TASK DIRECTIONS »
Pictures stay out of the copy. Retype exactly the lines below from the one with "red star wholesale" through the one with "You are currently".

DATA PROVIDED below:

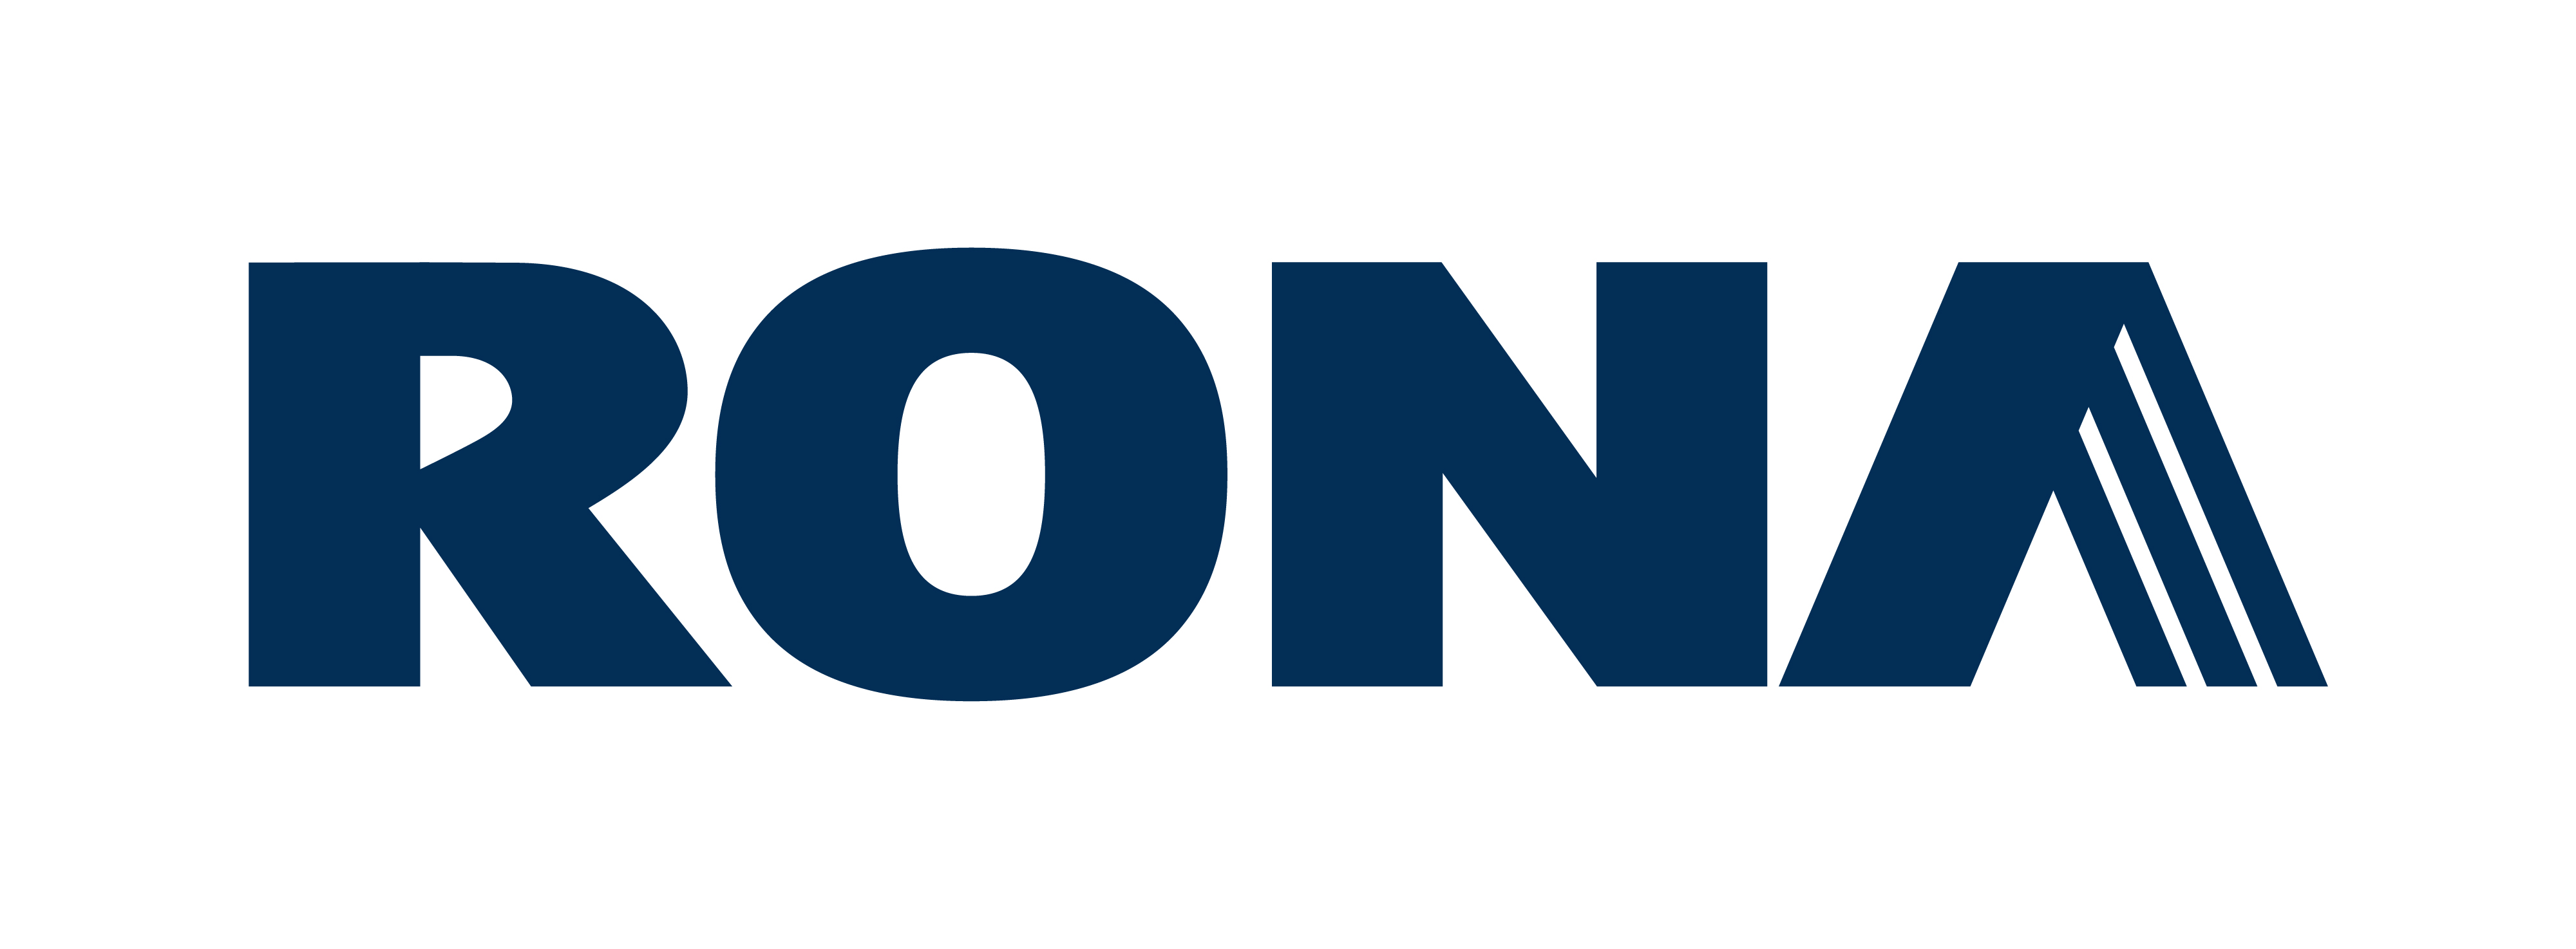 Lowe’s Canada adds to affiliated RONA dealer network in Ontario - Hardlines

End of DATA PROVIDED.
DATA PROVIDED below:

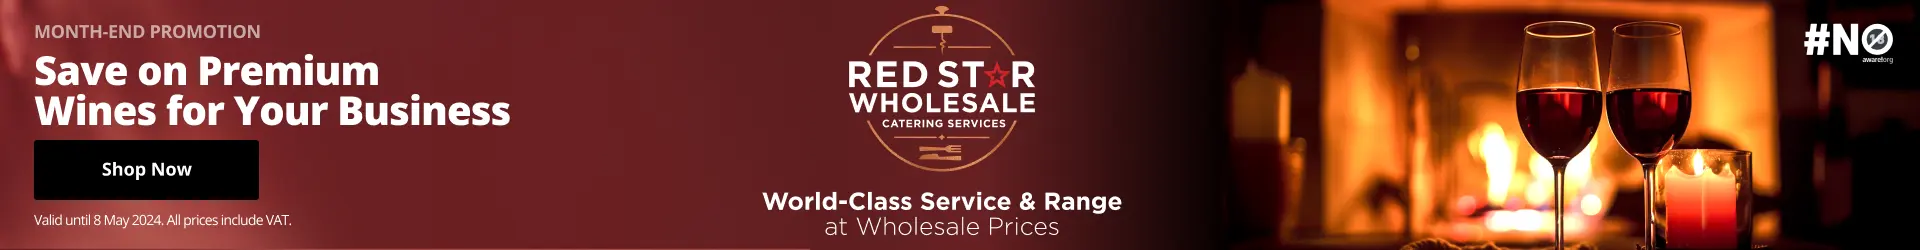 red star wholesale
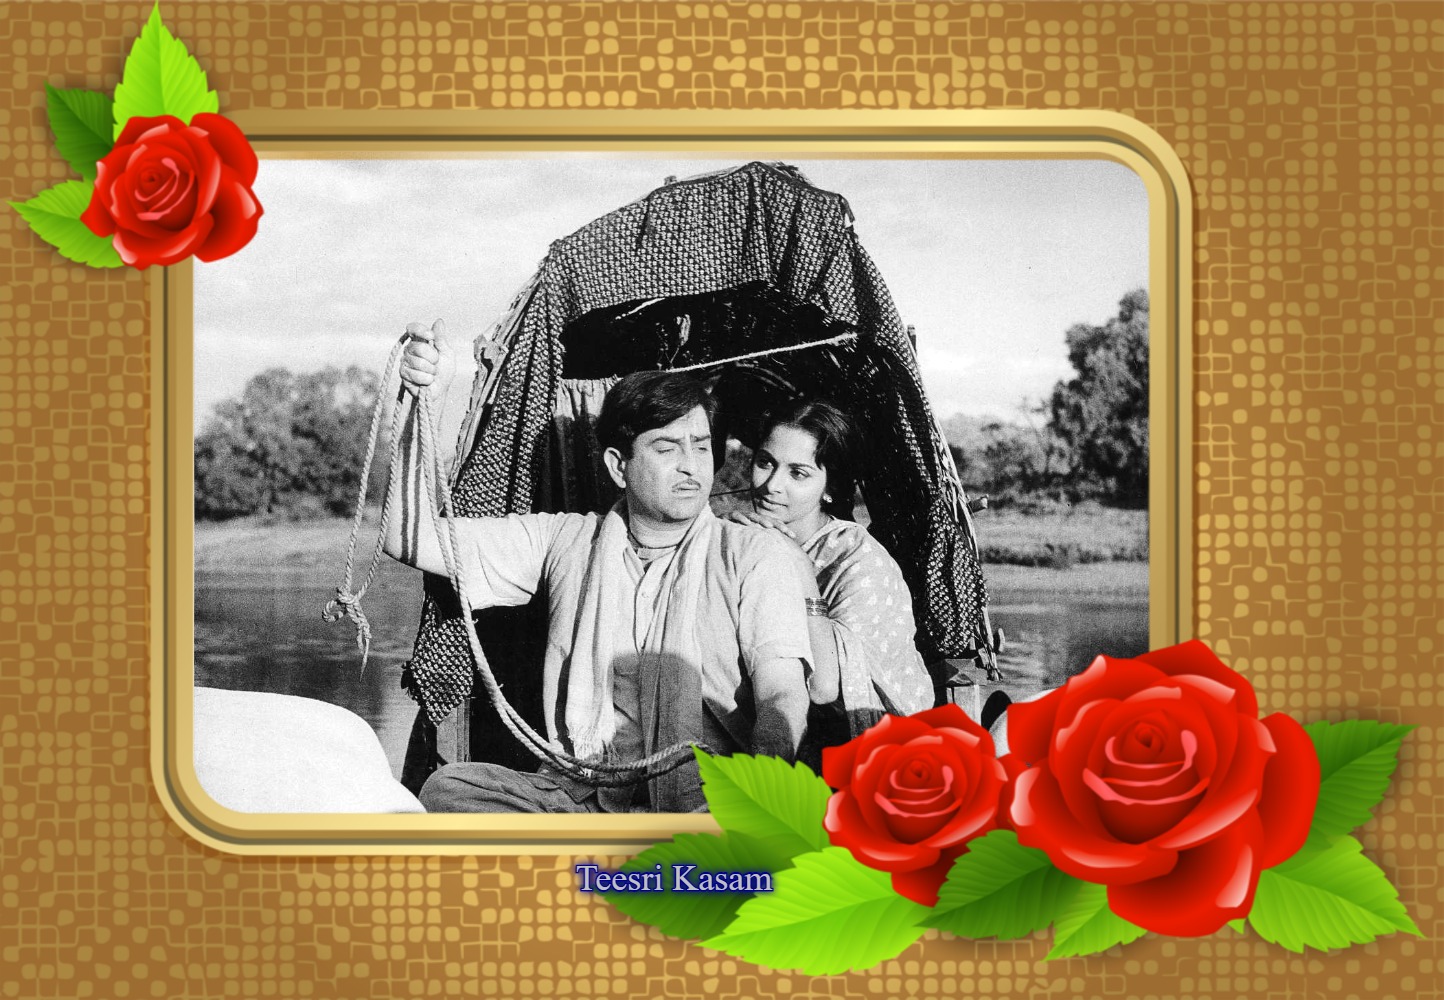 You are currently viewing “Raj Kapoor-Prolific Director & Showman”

End of DATA PROVIDED.

ANSWER SPACE »
 red star wholesale
 You are currently viewing “Raj Kapoor-Prolific Director & Showman”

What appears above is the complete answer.